The Network function allows users to select different network depths. When the network depth is set to 1, the upstream and downstream each consist of one layer. When the depth is 2, an additional layer is extended from the first layer.
When the network depth is 2, the running time will be longer compared to depth 1.
In the network diagram, different colors represent upstream and downstream elements, and different shapes distinguish TFs from target genes.
Arrows point from upstream to downstream, and the color of the lines indicates upstream/downstream relationships as well as whether they have been validated.

Clicking on the lines between nodes provides detailed information on co-expression, binding sites, and validation.
The network diagram can be downloaded, and a table provides detailed TF-target information from the network, making it easy for users to view and download the data.

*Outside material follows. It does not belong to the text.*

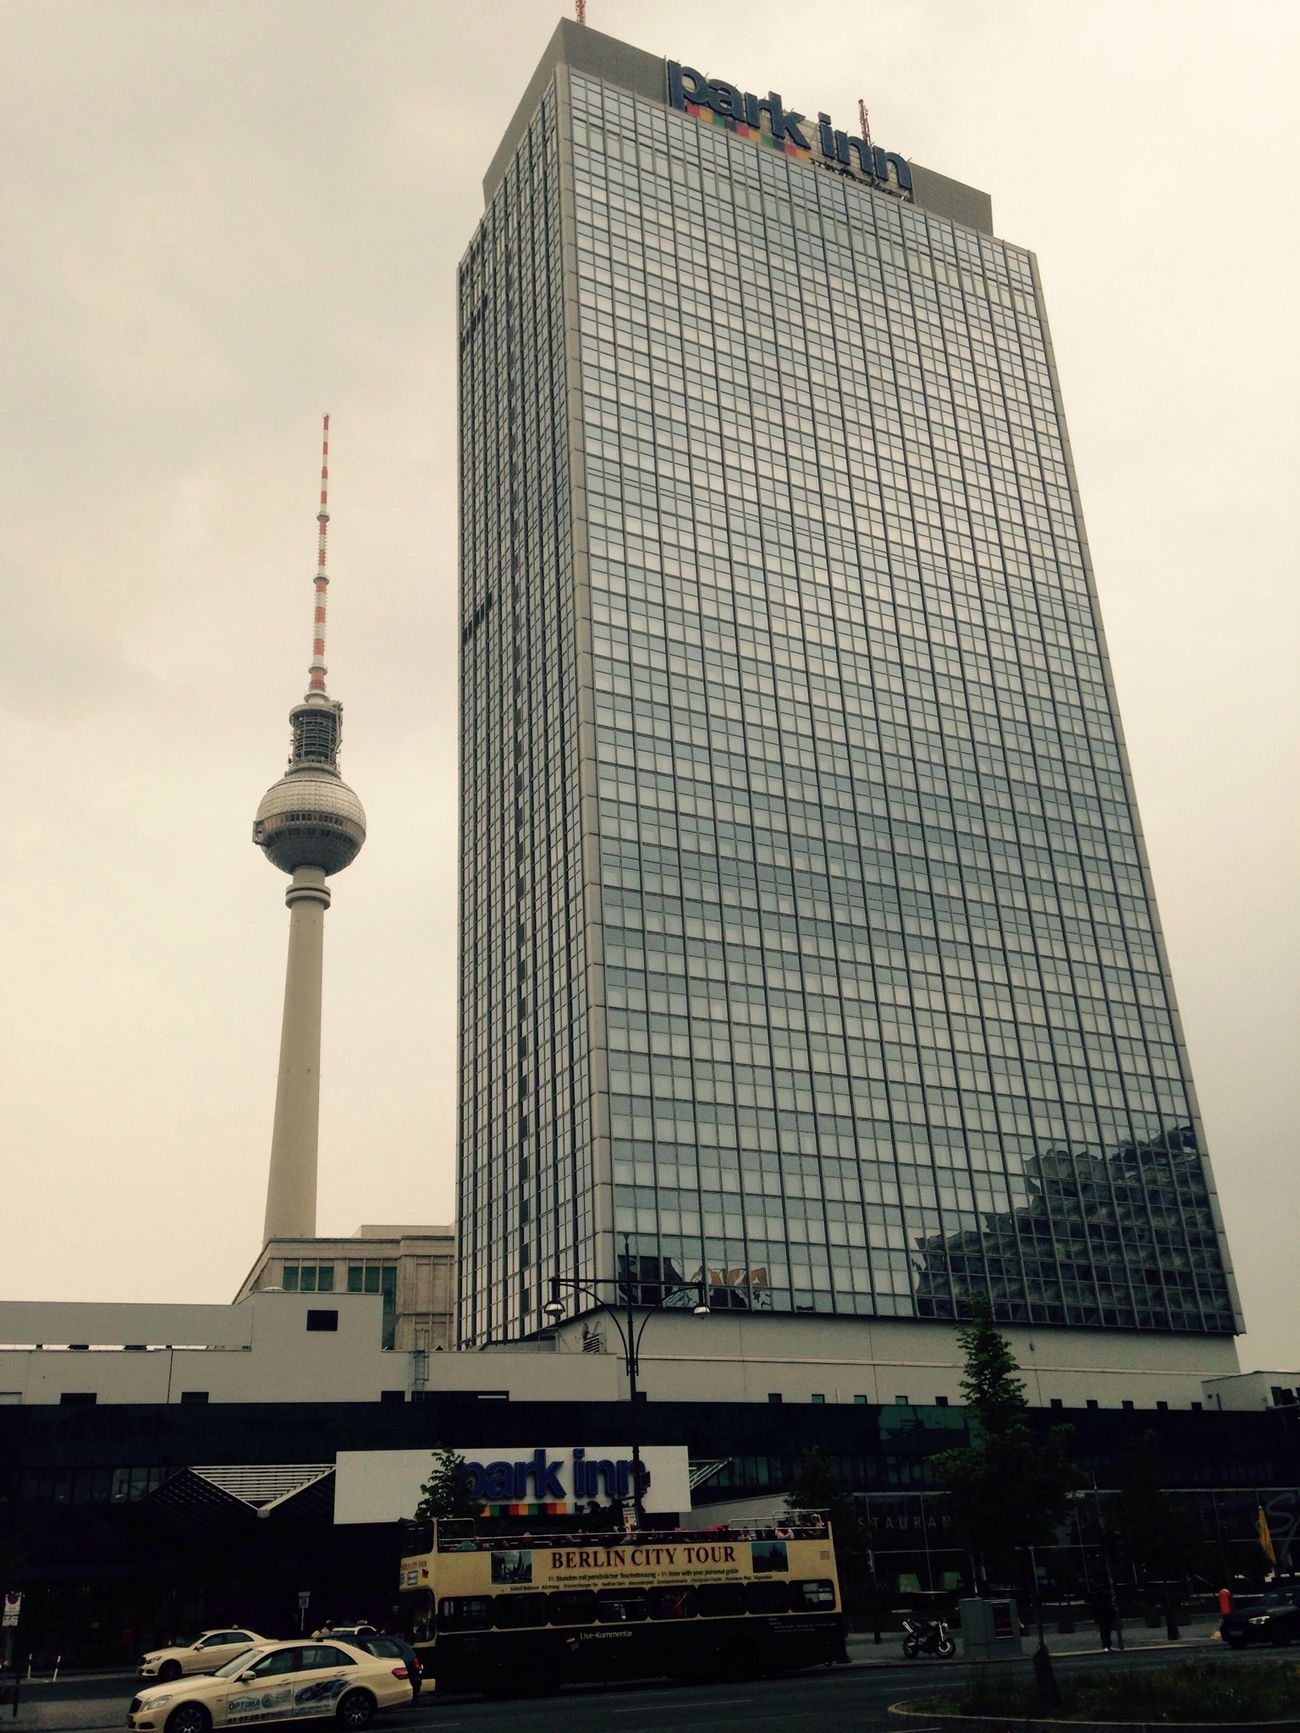 Berlin 's tallest building/ Hotel with Fernsehturm in the background. I ❤ BERLIN My Fuckin Berlin Berliner Ansichten Berlin Mitte My Berlin

4 Use Case: Analyzing TF Regulatory Networks Using SoyTFtarget


If a user has overexpression (OE-TF1) and mutant (KO-TF1) materials for a transcription factor (TF1), combined with RNA-seq data, the SoyTFtarget tool can facilitate the analysis:
1. Downstream Target Gene Prediction:
Input TF1 into SoyTFtarget to predict its downstream target genes based on co-expression analysis, TF binding site predictions, and machine learning models. By intersecting the predicted target genes with differentially expressed genes (DEGs) from RNA-seq data, high-confidence target genes can be identified for further validation.

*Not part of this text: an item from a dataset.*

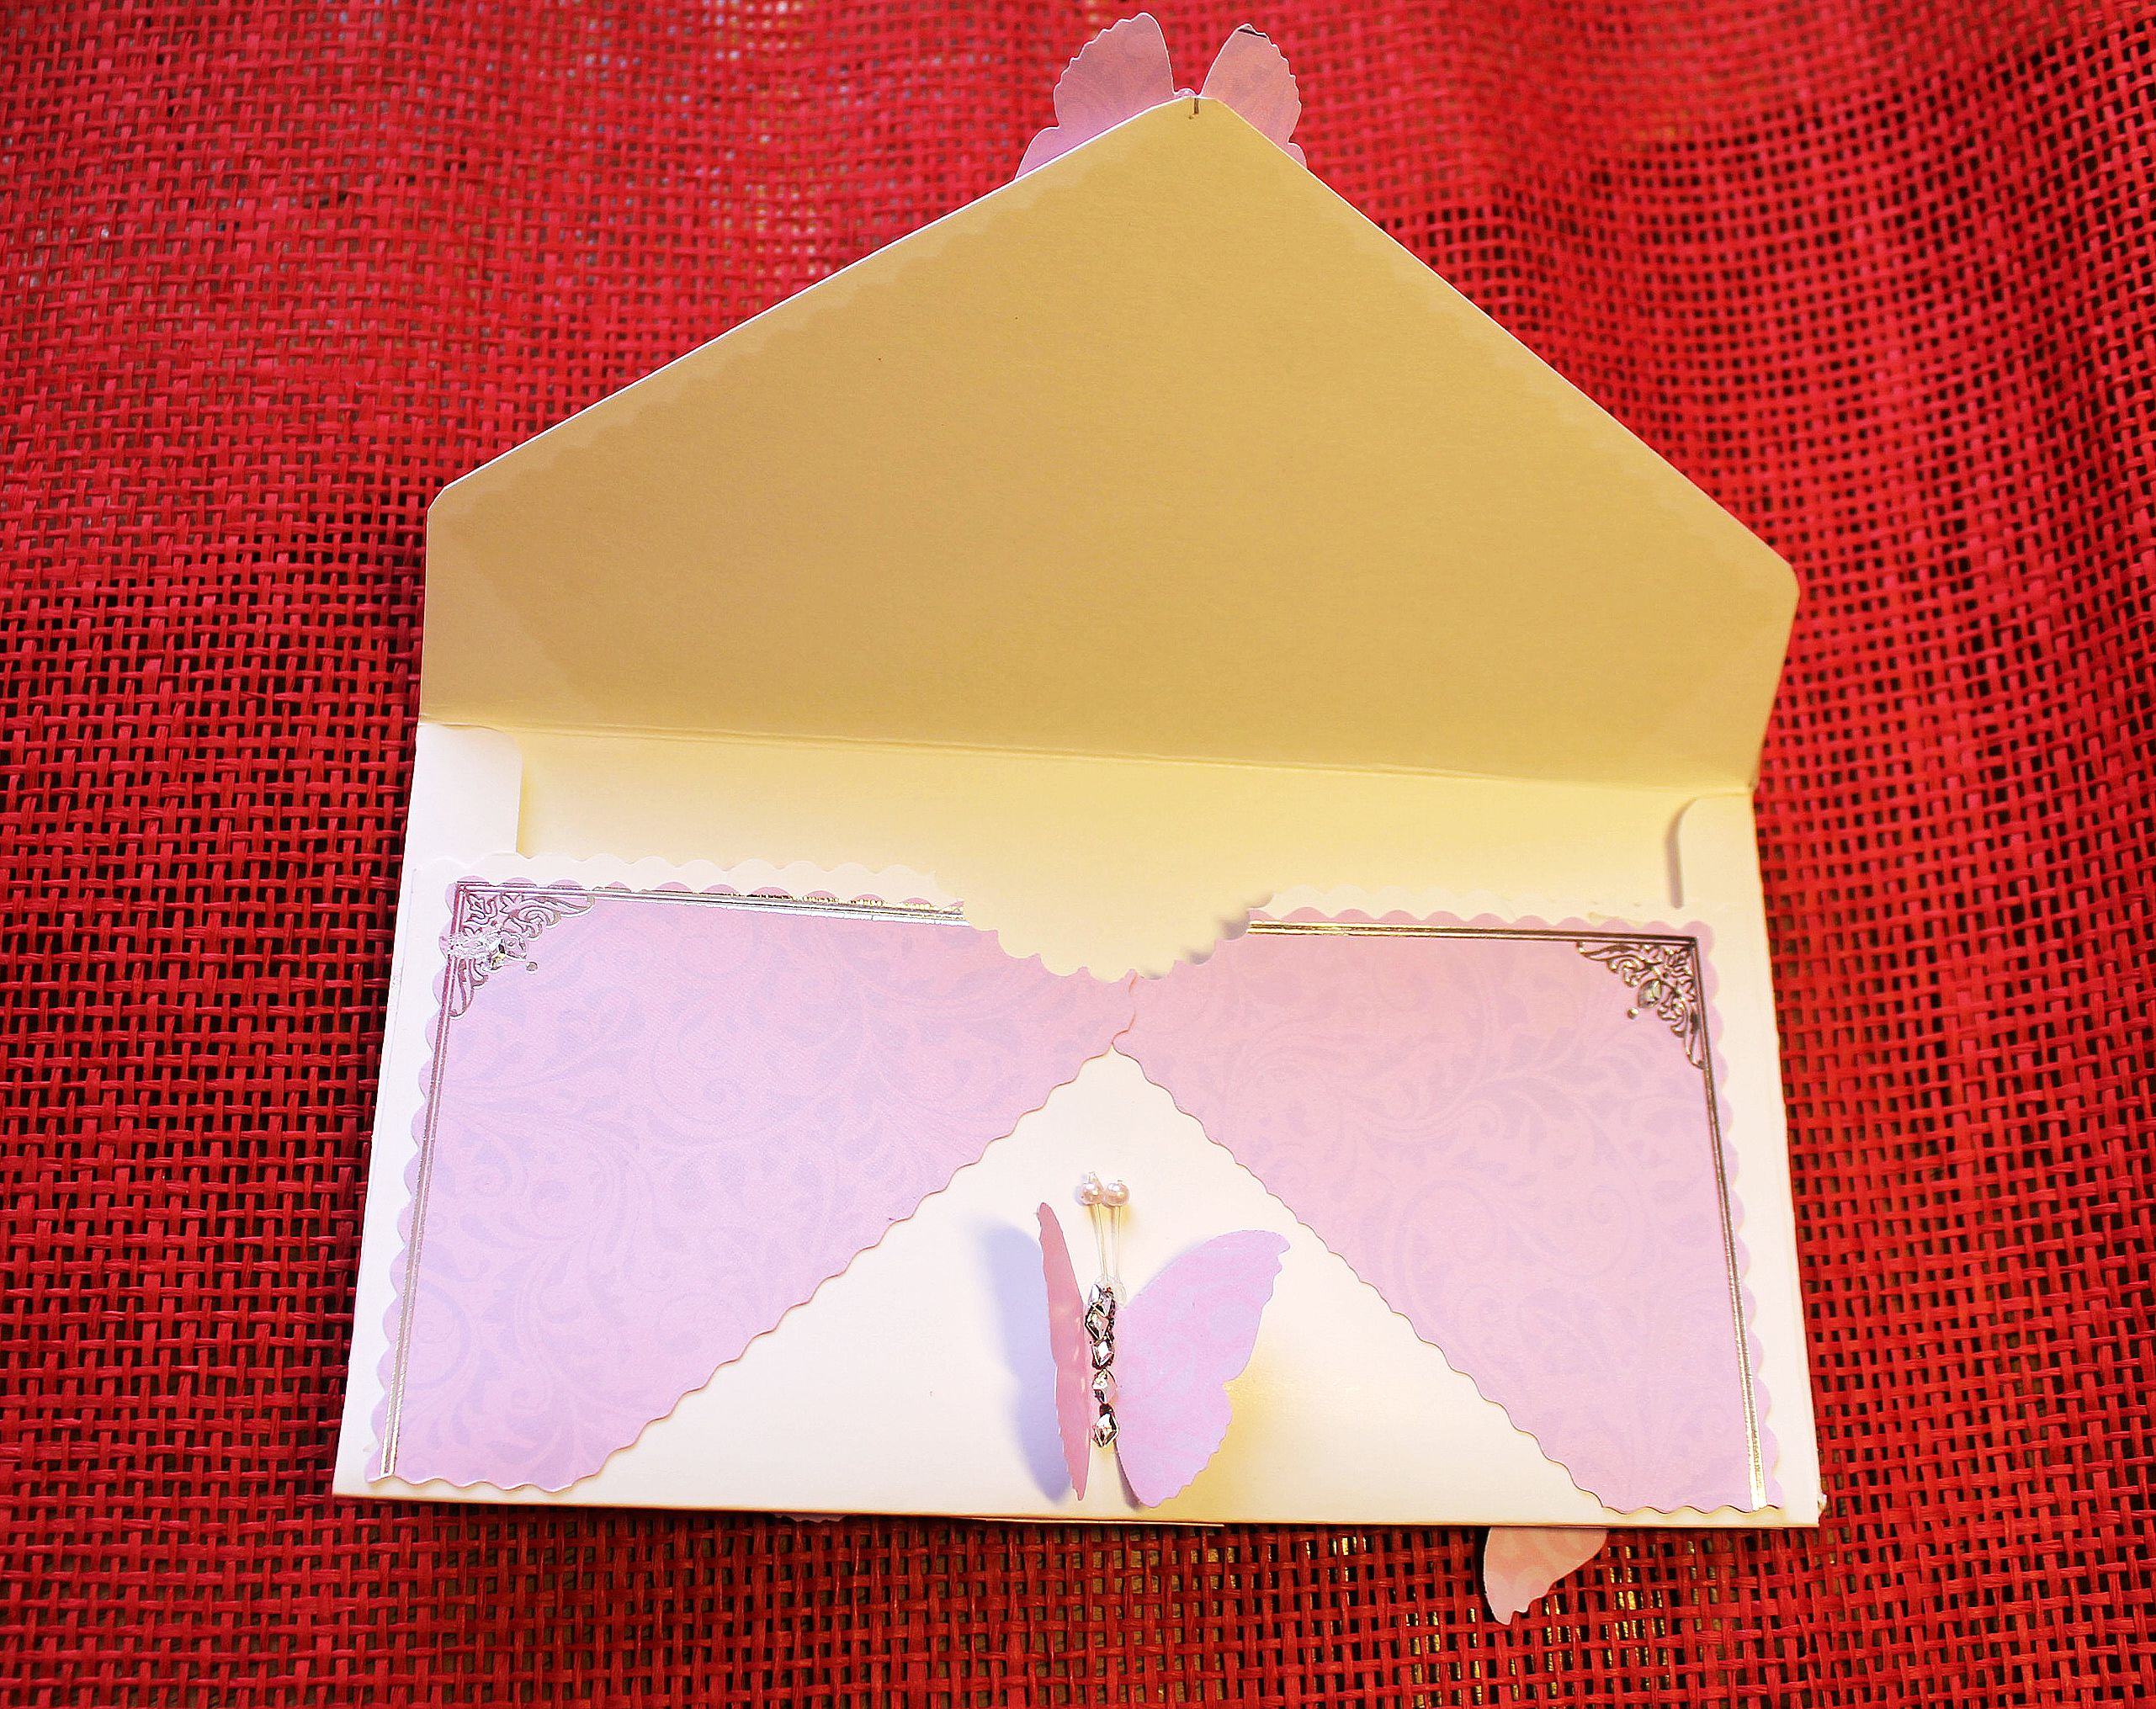 Задача открытка и конверт, гвозди картинки

2. Upstream Regulatory Factor Identification:
Input DEGs into SoyTFtarget to predict upstream regulatory TFs that potentially control these genes.
3. Regulatory Network Visualization:
Using SoyTFtarget's network module, generate an integrated upstream and downstream regulatory network of TF1, providing insights into its role in transcriptional regulation.
This workflow bridges experimental data and computational predictions, offering a comprehensive view of TF1's regulatory landscape.